Это литература, которая складывается примерно со II и по середину I тысячелетия до новой эры. Это литература, которая совмещала в себе все: и философию, и науку, и, собственно, литературу. Она может рассматриваться с самых различных сторон, в том числе и для изучения политической и социальной истории Древней Индии – это культура, которая получила название ведийской.

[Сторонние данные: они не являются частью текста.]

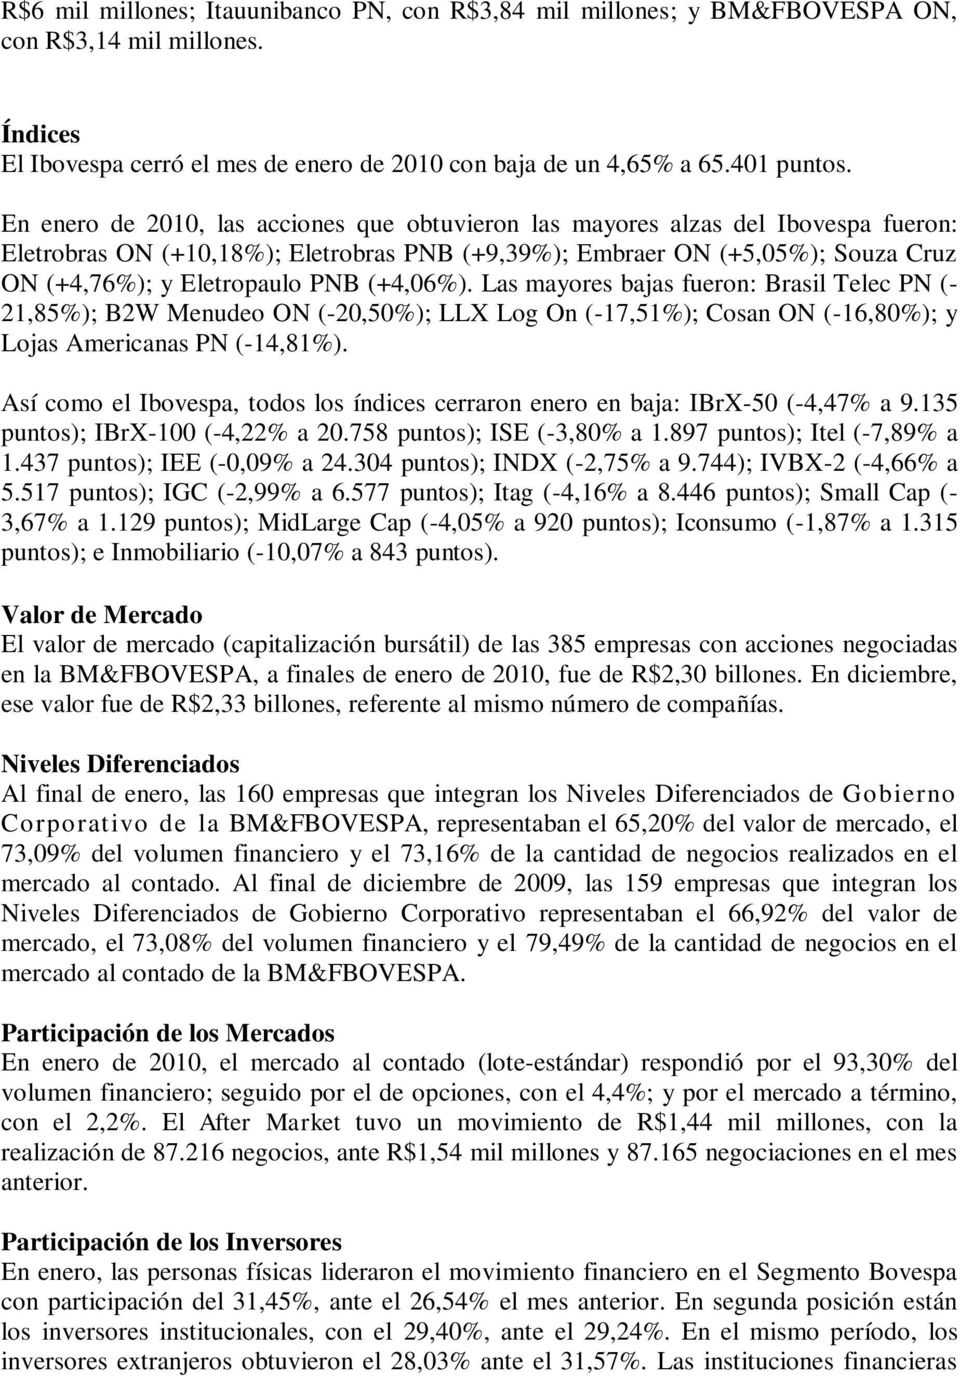 (+4,06%). Las mayores bajas fueron: Brasil Telec PN (- 21,85%); B2W Menudeo ON (-20,50%); LLX Log On (-17,51%); Cosan ON (-16,80%); y Lojas Americanas PN (-14,81%).

В конце этой эпохи складывается собственно санскрит в его классическом понимании. Ведийская литература, собственно, древнее и создана не на санскрите. Точнее, скажем так: это ведийский санскрит, который рассматривают как ведийский язык. У Татьяны Яковлевны Елизаренковой есть книга «Ведийский язык», где объясняется, в чем разница между санскритом и ведийским. Это разница на уровне и фонетики, и морфологии, и синтаксиса. Язык «Ригведы» здесь наиболее архаичный, язык более поздних текстов все-таки уже более понятен. Причем язык «Ригведы» был непонятен уже в конце вот этой эпохи, потому что некоторые утверждали, что «Ригведа» – это вообще просто бессмыслица полная, и мы понять этого не можем, и пытаться даже не стоит! И в результате возникло противоположное направление, возникла традиция интерпретации ведийских текстов, создания словарей устаревших слов. Из чего, собственно говоря, и возникла индийская лингвистическая традиция, которая потом поразила европейцев. И, собственно говоря, из изучения ведийских текстов, из обсуждения ритуала, тонкостей ритуала, возникла индийская философия как метод, скажем так. Индийское рациональное мышление, умение аргументировать. В итоге из этого развилась уже индийская логика.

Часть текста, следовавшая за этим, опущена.